The size of renewable energy equipment necessary for the project (e.g. solar PV) will be minimised, reducing capital cost, maintenance cost and replacement costs. Renewable energy technology tends to be made from energy-intensive and polluting materials and components, for example lithium and aluminium. Minimising the size of equipment minimises the amount of pollution generated. Rural areas are, by their nature, often some distance from centralised repair and maintenance hubs. Minimising the amount, and complexity, of renewable technology installed on buildings in rural areas helps minimise the requirement for call-outs, as well as any emissions from maintenance teams’ travel.

Smart Clachan Car Sharing

The lack of public transport in rural areas is often cited as the reason that rural households need to have a car. However, the cost of owning a car (or two) can be a significant drain on incomes and the cost to the climate of car use is increasingly evident. As we travel less and increasingly work in offices or workshops that are close to home, many people are questioning the need to own their own car and looking to car sharing arrangements. These are as viable in a rural setting as they are in urban locations and there are several excellent examples.

Car sharing initiatives, which allow you to rent a car without owning one, are becoming increasingly popular and viable. They often utilise electric cars and mobile technology to ease access and booking arrangements. Such schemes are increasingly popular with cohousing or cooperative housing arrangements with the housing cooperative owning vehicles which are leased by the day or by the hour to residents.
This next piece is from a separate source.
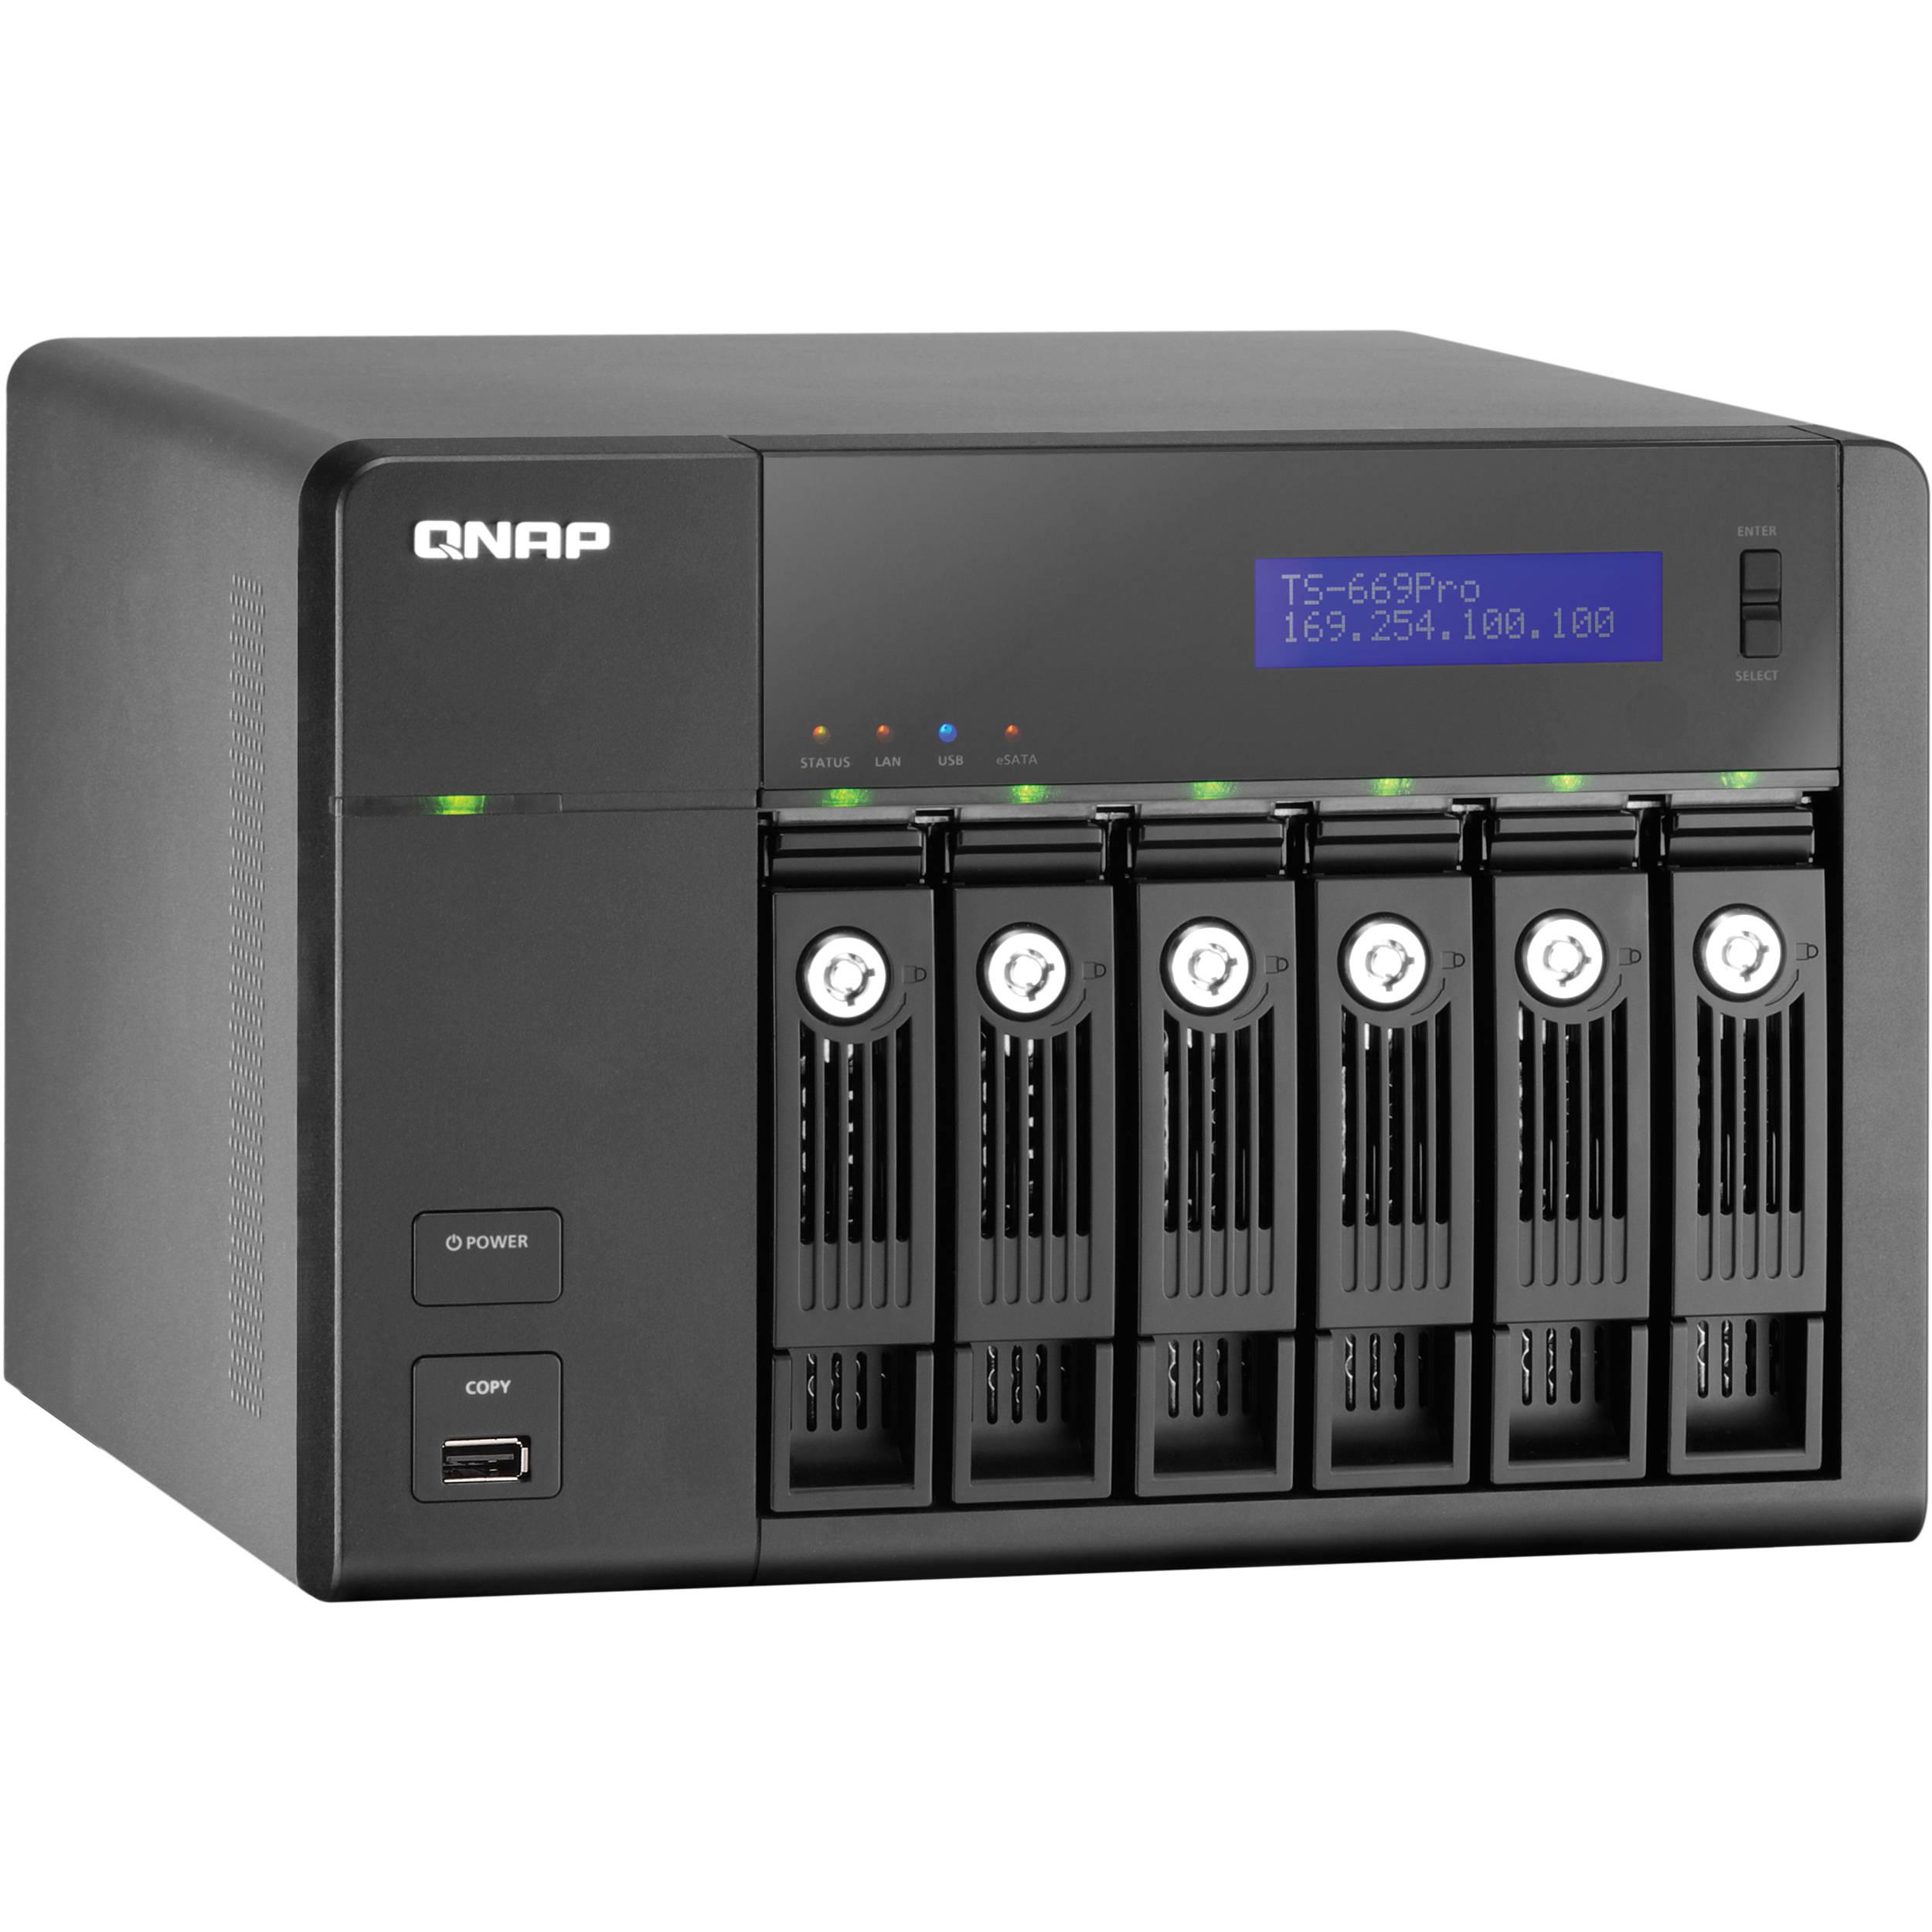 QNAP TS-669 Pro 6 Bay Turbo NAS Server for SMBs

Car sharing is also a potent argument to counter concerns planners may have to establishing Smart Clachan in rural locations. In some parts of Scotland, housing in the countryside is seen as inherently unsustainable since households have traditionally required petrol vehicles to commute and access services. However the post-COVID environment with distributed workplaces or home working, combined with limited car use and zero emissions vehicles, potentially charging from in situ renewables, could change rural sustainability. Alongside facilitating car sharing, a Smart Clachan could develop EV Infrastructure to enable nearby vehicle charging.

Shared Croft

More and more people are seeking to grow their own food, motivated by a wish to eat seasonal, locally produced food, and to reduce their carbon footprint and food miles. The COVID pandemic has also exacerbated concerns regarding food security, and with more people working at home, more people are spending time in their gardens.

Some local authorities have produced strategies and guides to Community Food Growing Space, flowing from the Community Empowerment Act which gives local people the right to request to lease an allotment from the council.
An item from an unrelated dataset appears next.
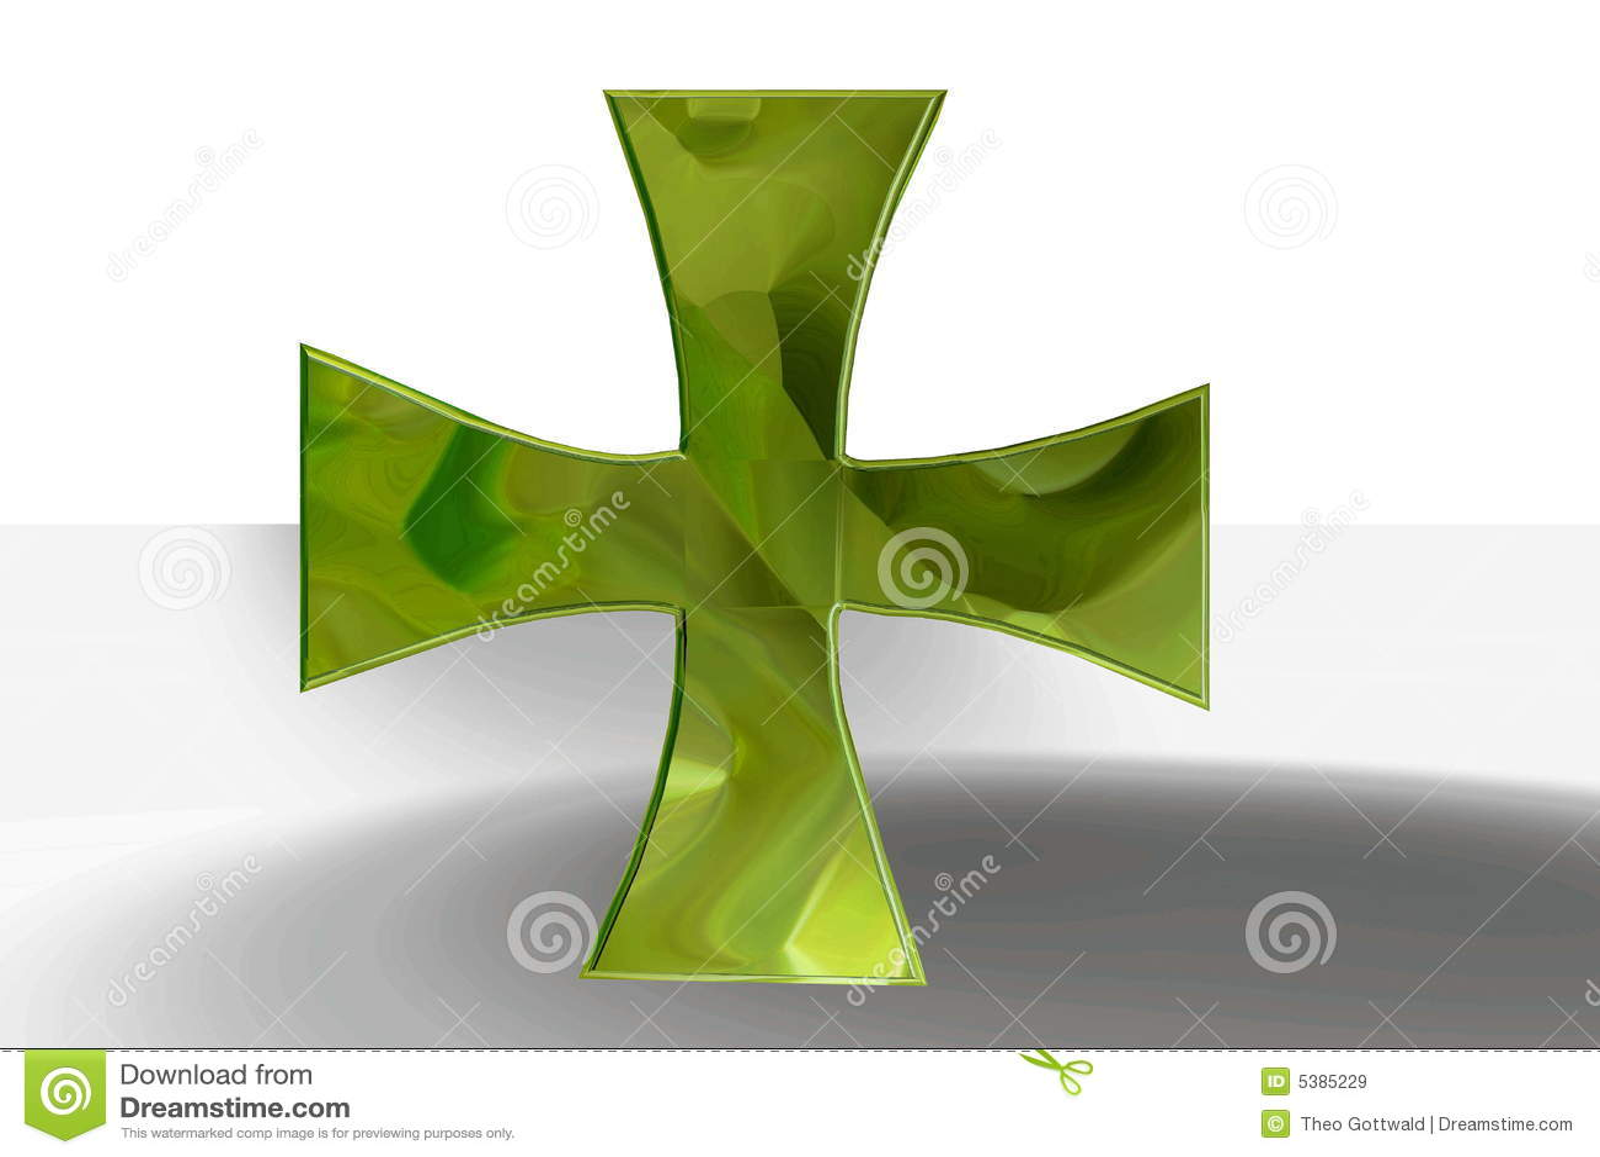 Christian views on environmentalism

Not everyone has sufficient space, knowledge or equipment to grow their own food, but as part of their cooperative and sustainable ethos, Smart Clachan can build this in from the start by establishing communal growing space, allotments, a large polytunnel, shed and tool library. There are a number of excellent examples of community gardens and allotments established in recent years and there are a range of organisations which can provide support to help realise this aspect of the Clachan.